1.      Regarding the clearance in section 2.1, it would be better if the author added how long that the nanoparticles usually excrete from the body or the cells.

2.      Please add the reason in detail why the size 10-200 nm, spherical NPs, and neutral nanoparticles become the best choice (section 2.1). It is quite an ambiguous sentence about “slightly negatives” and the word “anionic” comes after (Page 3 lines 110-111).

3.      Please add an explanation in section 3.1.1 about the differences between the pH of some specific organs that explain here. It is better to add, strictly at what pH is it. Please also tell about the pH of ECM for this explanation (section 3.1.1)

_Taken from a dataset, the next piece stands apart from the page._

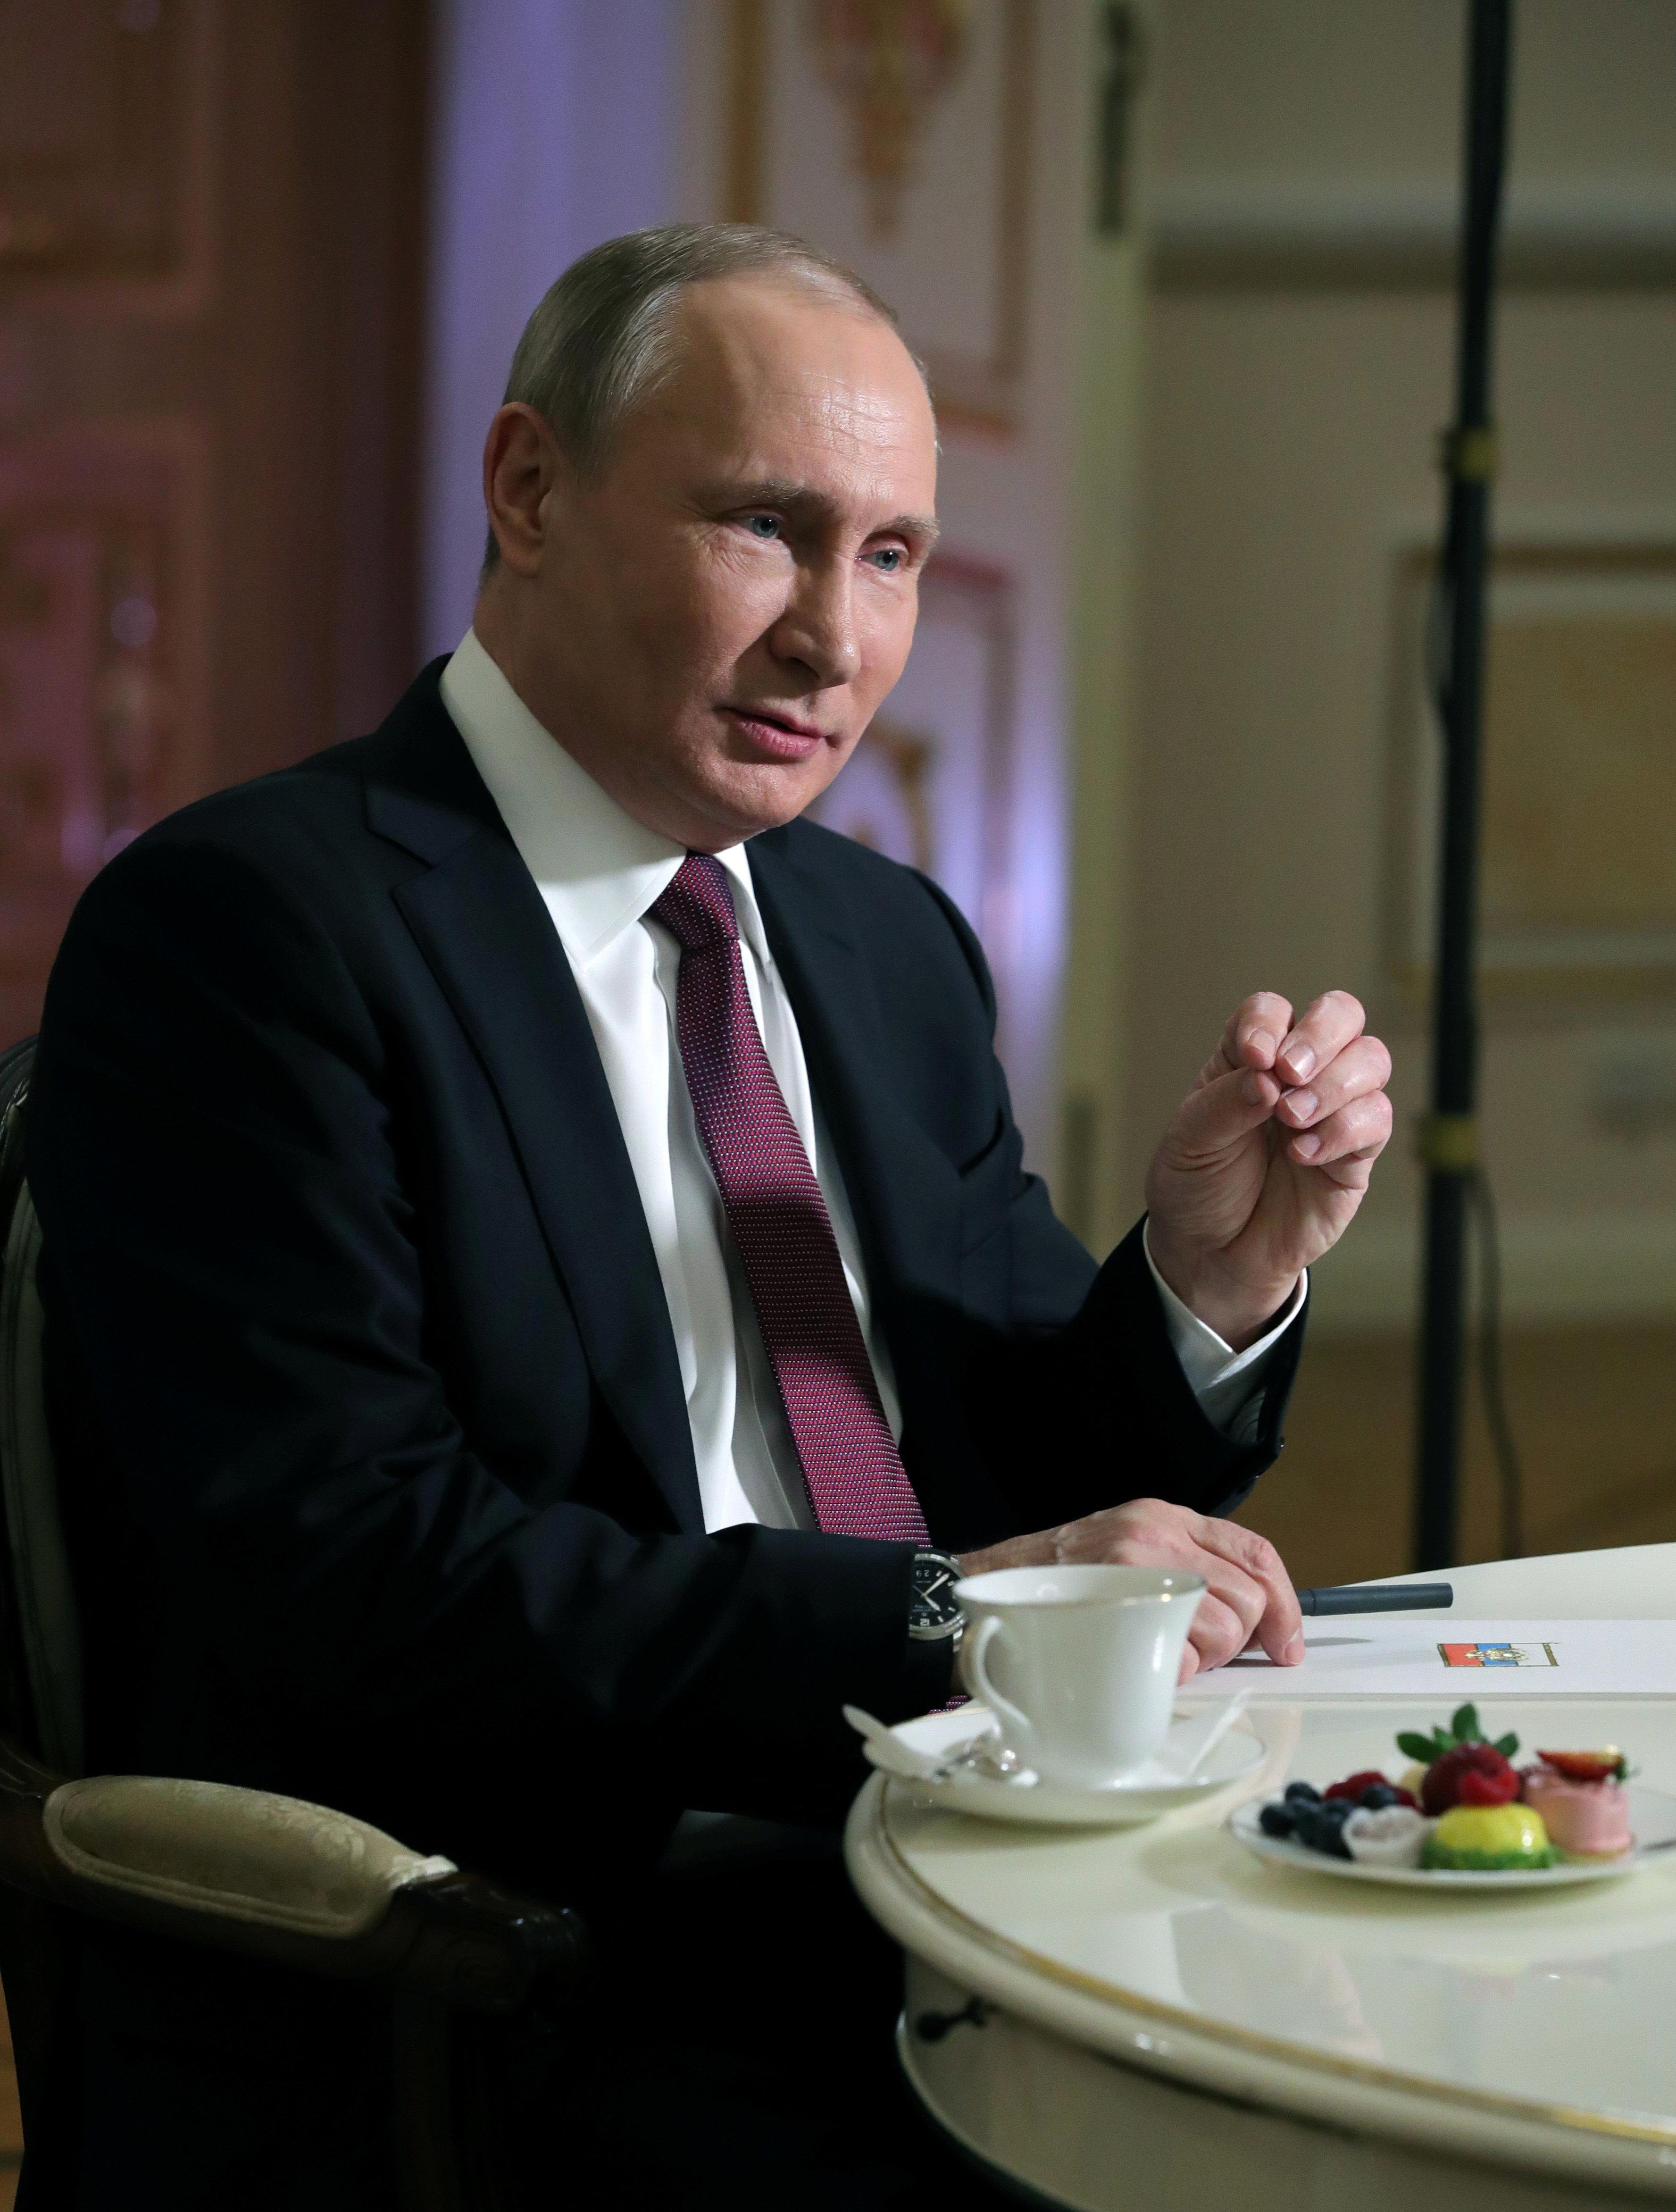 Vladimir Putin Blames U.S. Election Interference On 'Jews,'

4.      In section 3.1.3, the author explains the photo-triggered release. Interestingly, the author also explains magnetic-stimulated nanoparticles. Based on the principle alone, both are different approaches. We suggest the author separate these two approaches.

5.      In section 4.2, both covalent and non-covalent hydrogel is not well explained. Please improve this part.

6.      Please check the typing, for example, Bi2Se3 should be Bi₂Se_, released at line 244, and the comma after esterases and stability (lines 270 and 302), should be written in italic (depending on journal writing format)

 

7.      Please improve the English, some part is too long and complicated.

Author Response

We prepared a response letter to show our replies and the text we revised.

Author Response File: Author Response.pdf

Round 2

Reviewer 2 Report

I agree to publish in present form.

Reviewer 3 Report

Authors revised manuscript carefully. The final version can be published in this journal.